* _WORK REQUIRED_: Below is a listing; transcribe it exactly but without any images.

* _SUPPLIED DATA_:
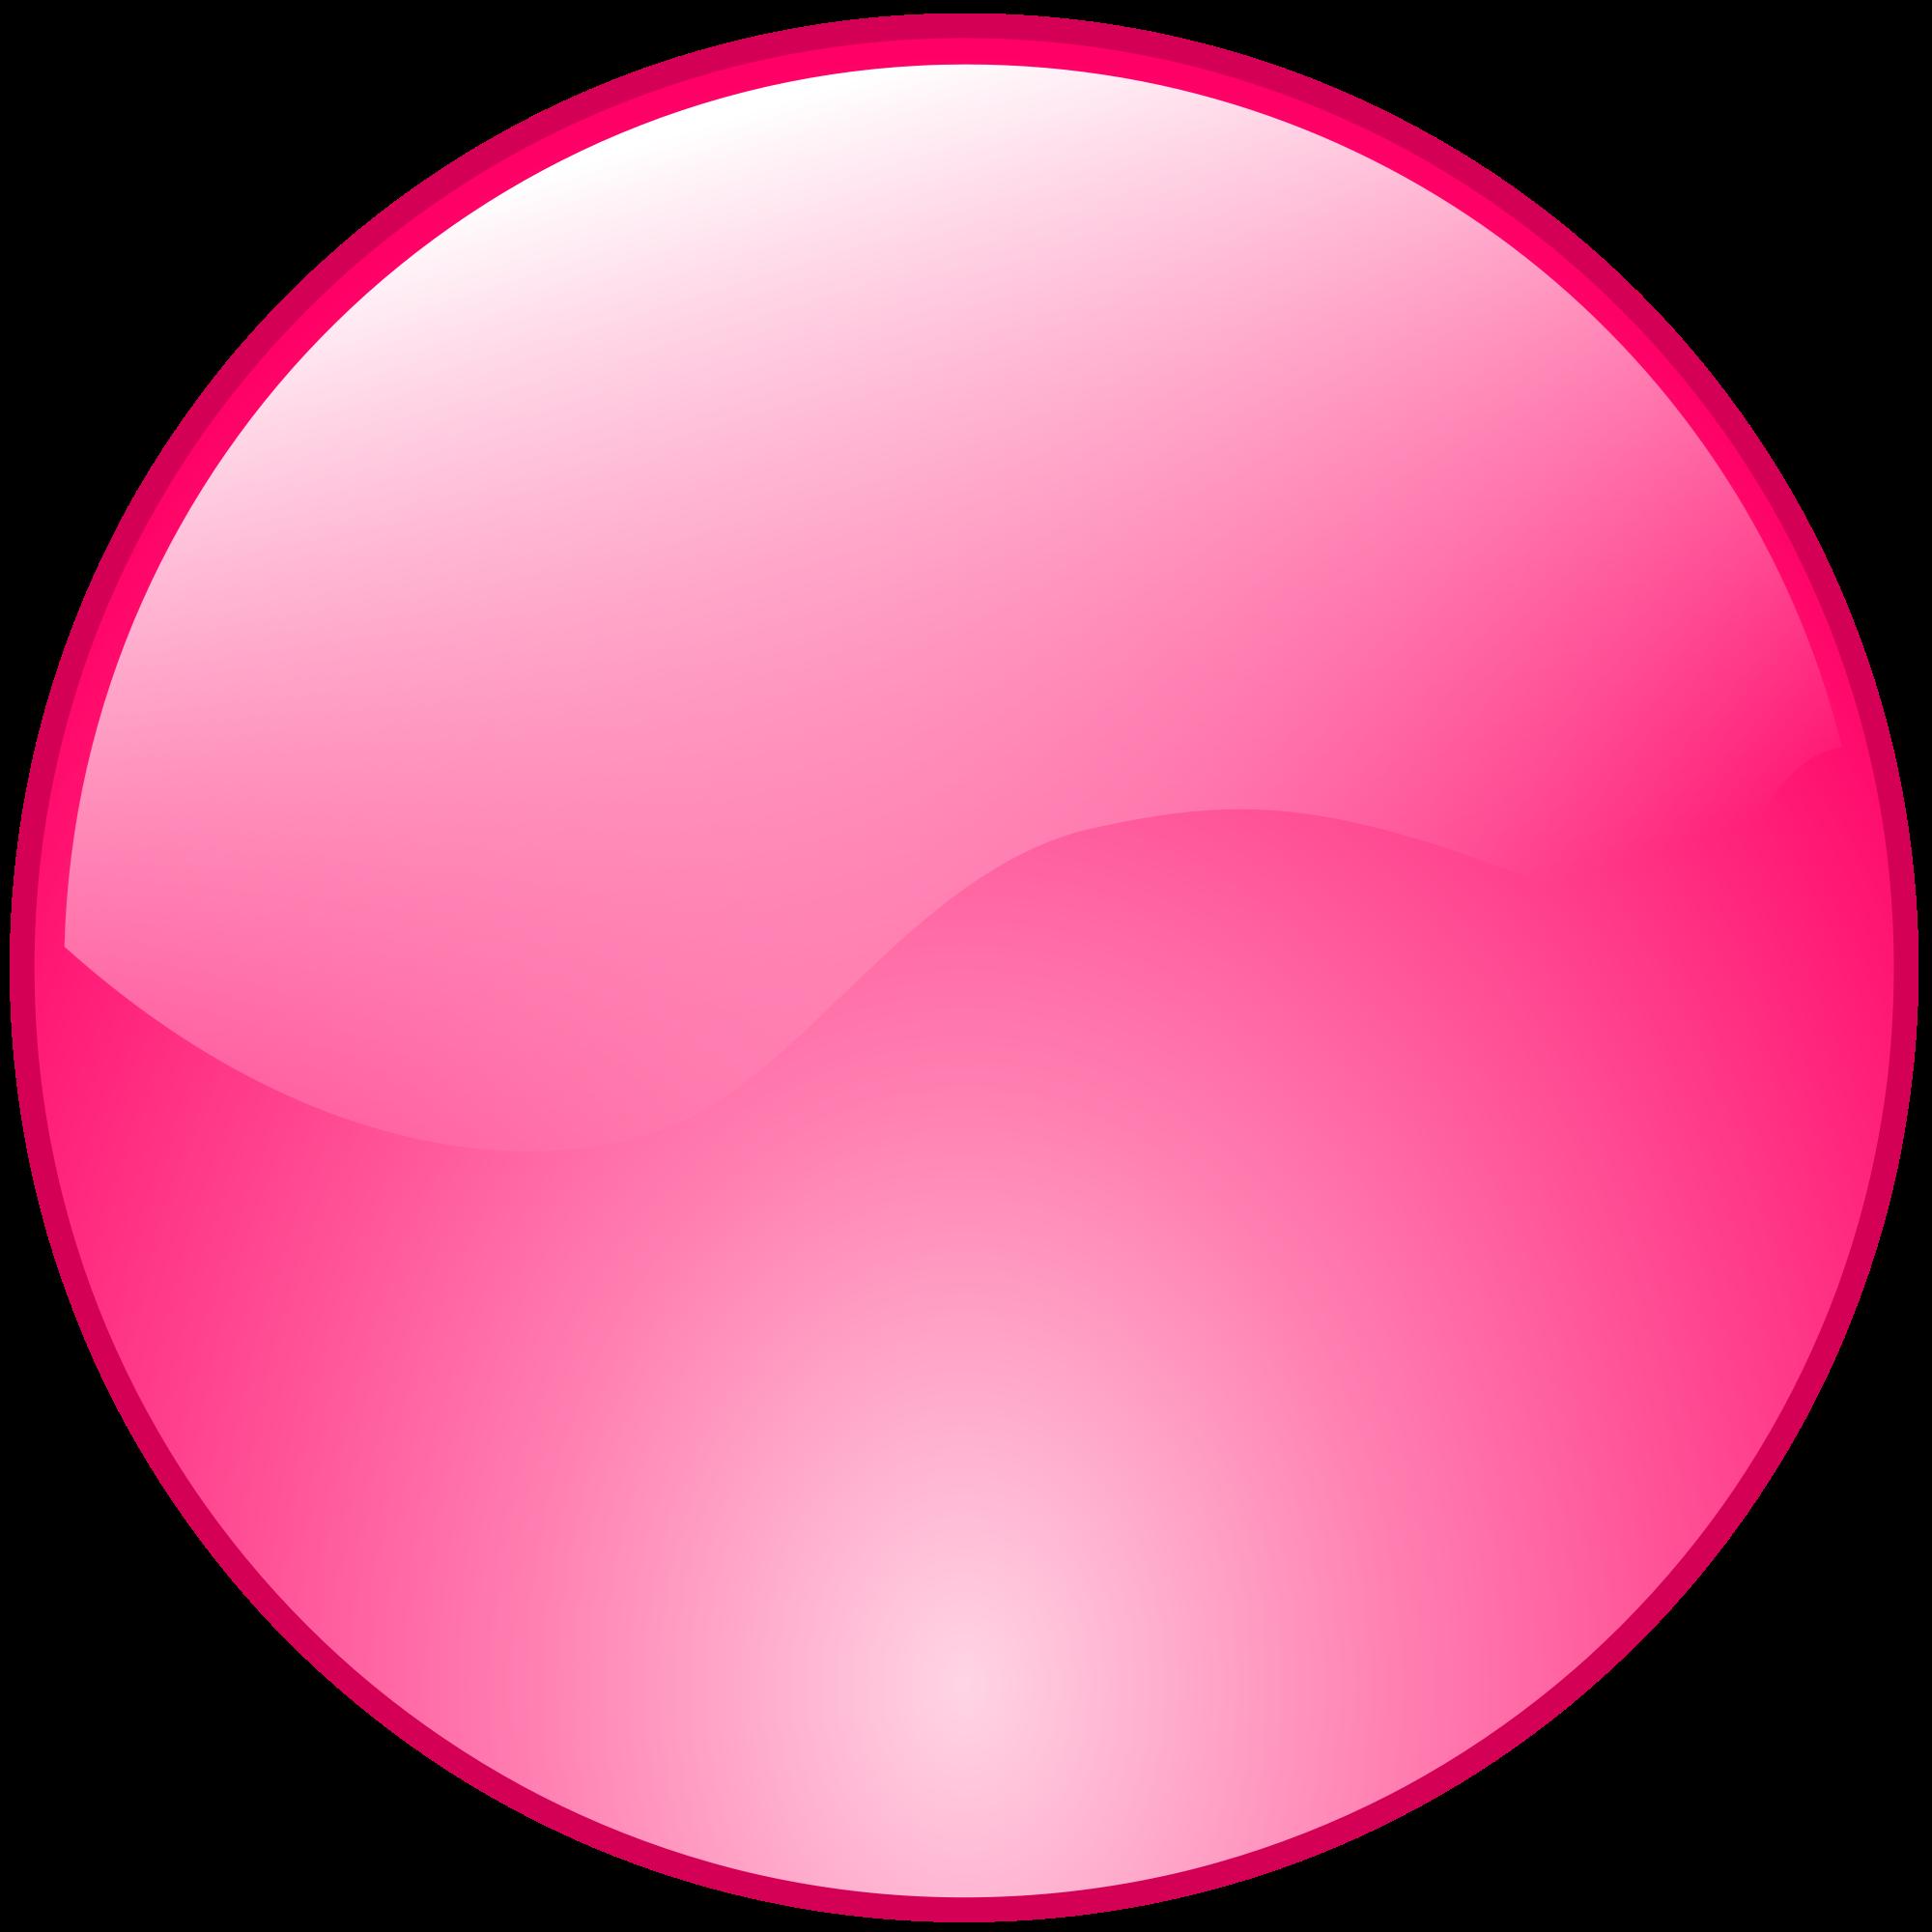 Pink svg #17, Download drawings
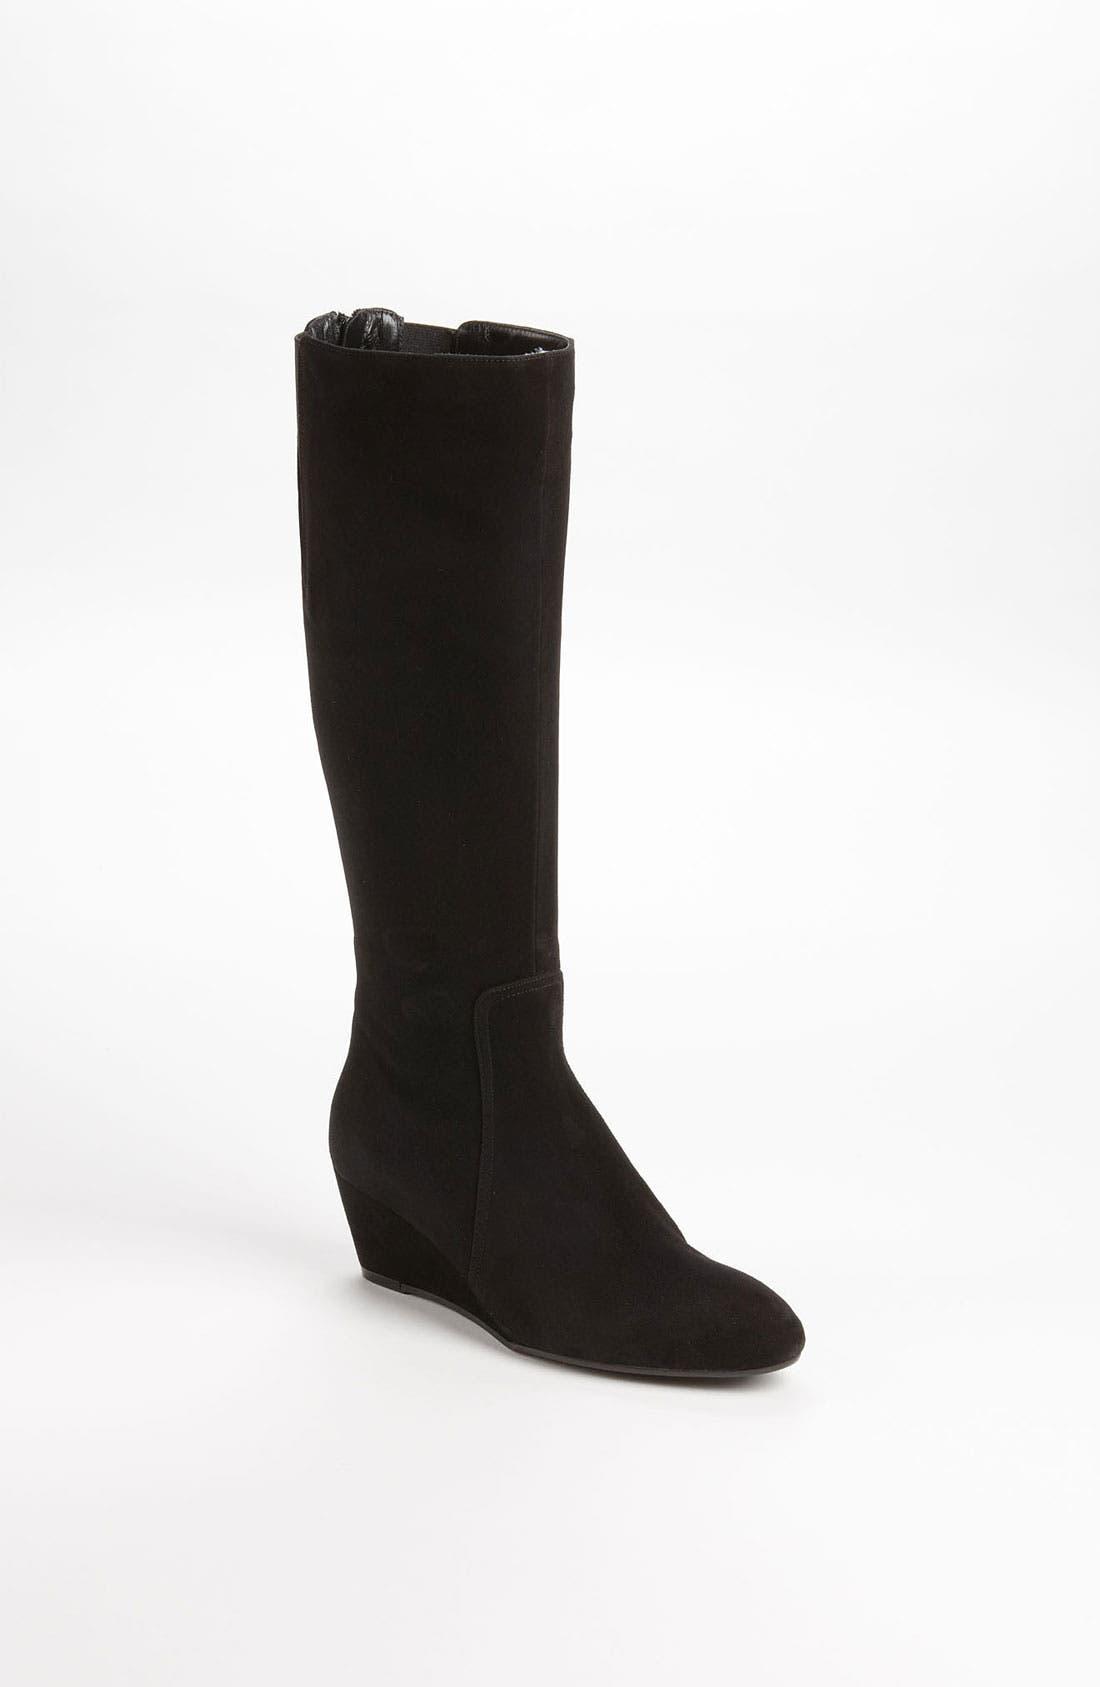 Alternate Image 1 Selected - Dana Davis 'Pax' Boot
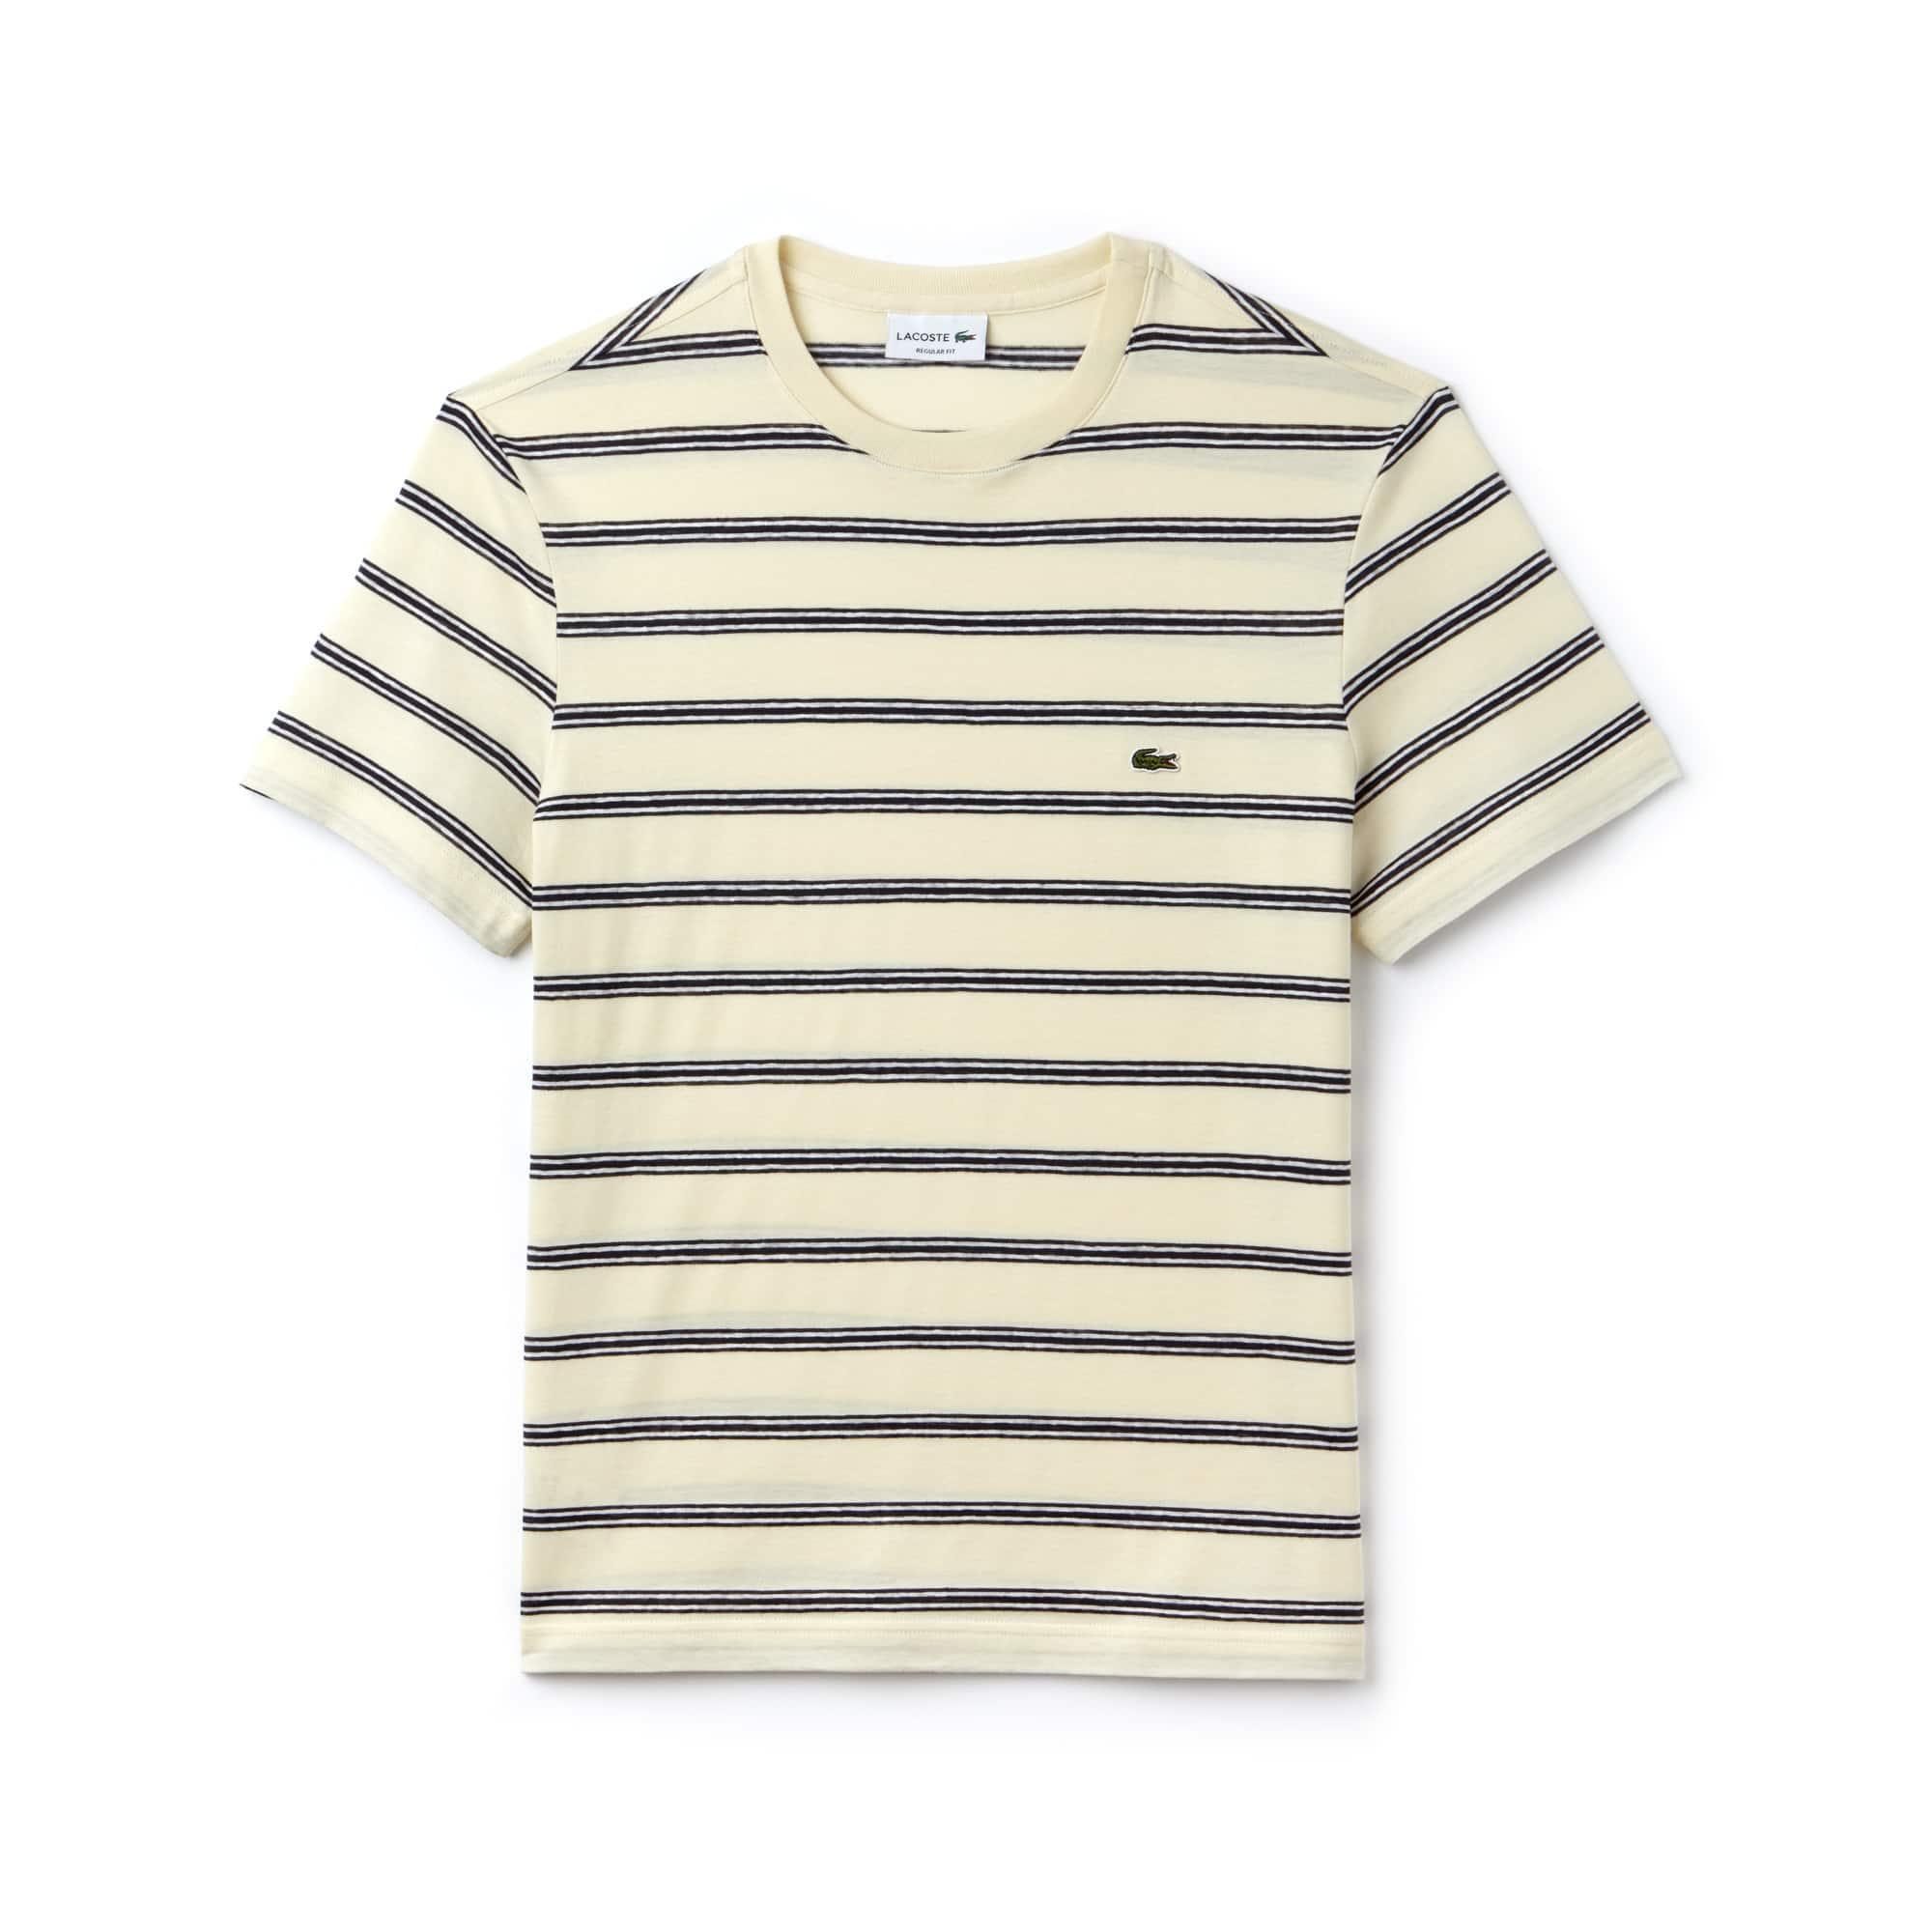 Men's Striped Cotton And Linen T-Shirt

* _TASK OUTPUT_:
 Pink svg #17, Download drawings
 Alternate Image 1 Selected - Dana Davis 'Pax' Boot
 Men's Striped Cotton And Linen T-Shirt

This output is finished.